= Daniel Sternberg =

American classical composer

Daniel Arie Sternberg (29 March 1913 - 26 August 2000) was a Polish conductor, pianist, composer, and educator. He lived and worked in Central and Eastern Europe until 1939, when he emigrated to the United States to escape World War II.

==Biography==
Sternberg was born on 29 March 1913 in Lemberg, Austria-Hungary. The son of music-loving parents, he began piano lessons at age five and added the cello. He graduated at the top of his class from the Vienna Conservatory, where he studied conducting. Upon graduation, he became assistant conductor (under Fritz Stiedry) of the Leningrad Opera and the Leningrad Philharmonic Orchestra. It was in Leningrad, in 1935, that Sternberg first met cellist Lev Aronson, whom he recommended for the post of principal cellist. It was also in Leningrad, in 1936, that he conducted the first performance outside Germany of Paul Hindemith's Mathis der Maler symphony. After serving as music director of the Tbilisi State Symphony Orchestra, he lived in Vienna, Riga, and Stockholm.
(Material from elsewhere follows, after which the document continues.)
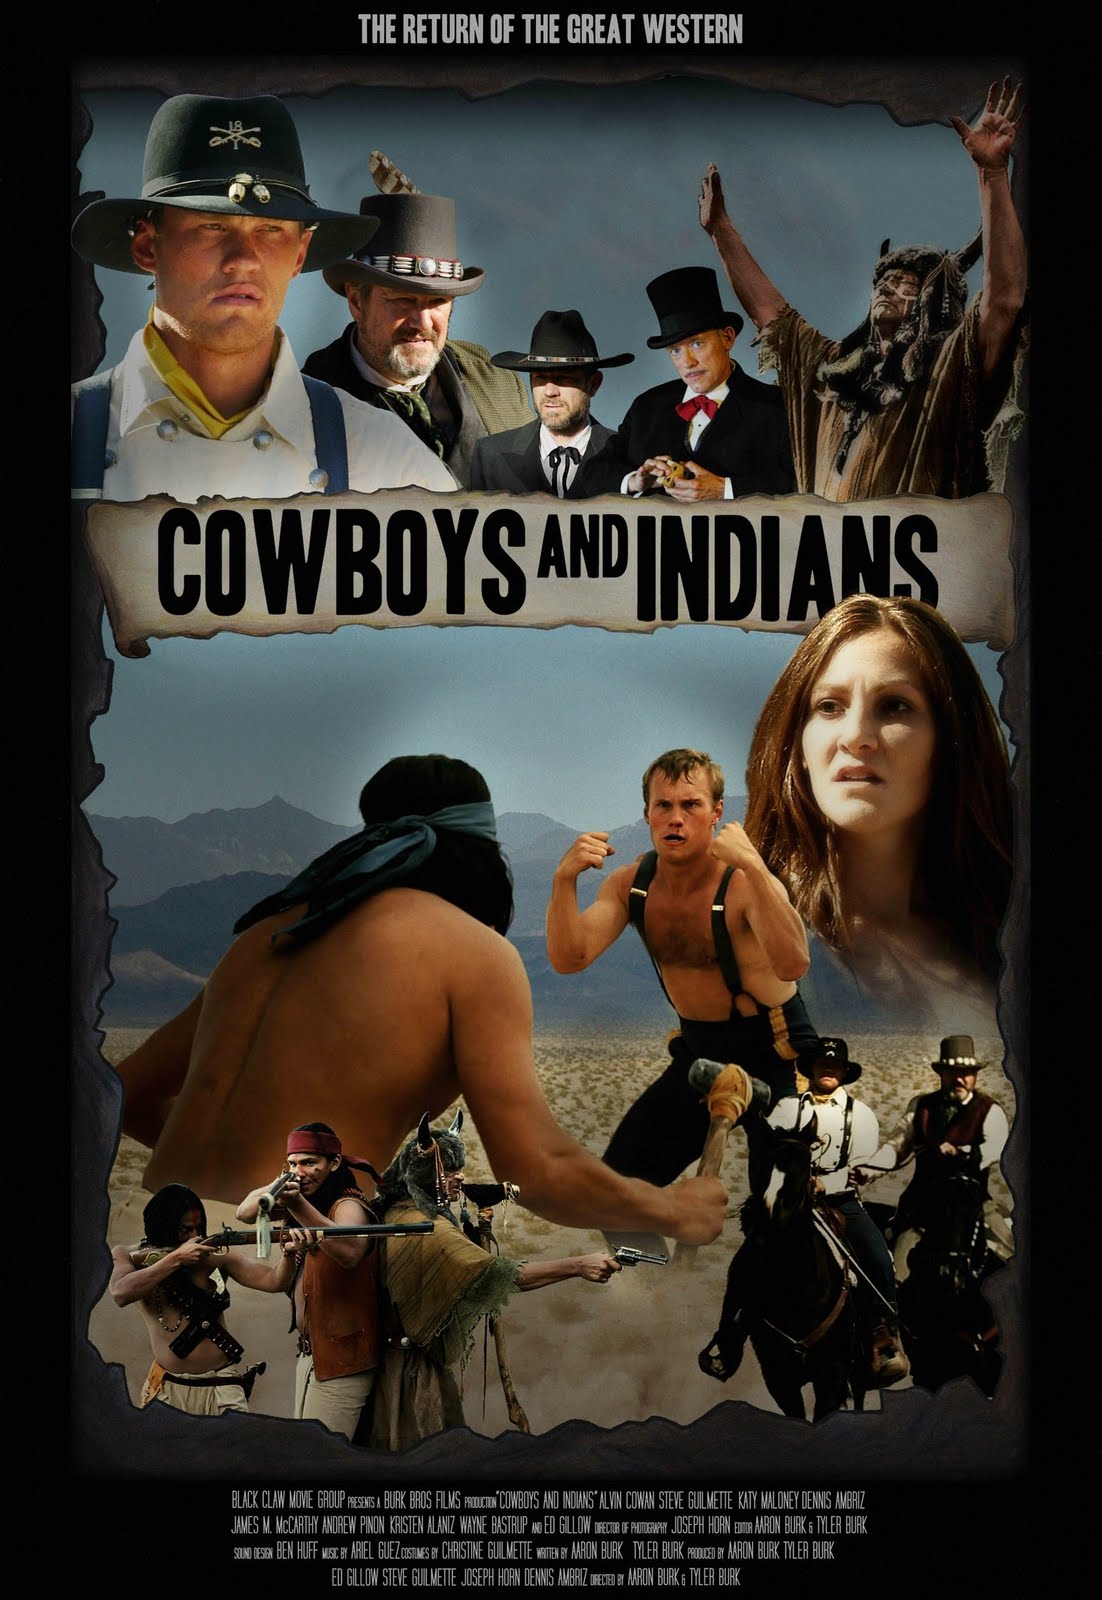 The Cowboy and the Indians movie

After the German invasion of Poland ignited World War II in the fall of 1939, Sternberg and his wife, the Romanian-born Felicitas Gobineau Sternberg, emigrated to the United States. Sternberg lived for a year in New York and then moved to Dallas, Texas, where he became head of the piano department and conductor of chorus and opera at the Hockaday Institute of Music (a short-lived division of the Hockaday School that operated only from 1937 to 1946). He joined the Baylor University School of Music in 1942 and was made its chair the following year. Shortly afterward he was given the newly created title of Dean. Sternberg founded the Baylor Symphony in 1944 and conducted it until he retired from teaching in 1980. In Waco, he founded the Waco Symphony in 1962 and conducted it until 1987. When Lev Aronson came to the United States in 1948, he became principal cellist of the Dallas Symphony for almost twenty years, teacher of Lynn Harrell, Ralph Kirshbaum, and other prominent American cellists, and a close friend and ally of Sternberg, who lured him onto the Baylor faculty.

As a composer, Sternberg won a film music prize in Austria, a first prize for vocal composition from the Texas Federation of Music Clubs, and the Dallas Symphony Orchestra's Harold J. Abrams Memorial Award for his Concert Overture. In August 2009, the International Percy Grainger Society awarded him posthumously its 50th and final Grainger Medallion. An accomplished linguist, he was fluent in several languages, and he created many opera translations, often collaborating with his wife, who was active as an opera director.

Sternberg died in Waco, Texas, on 26 August 2000.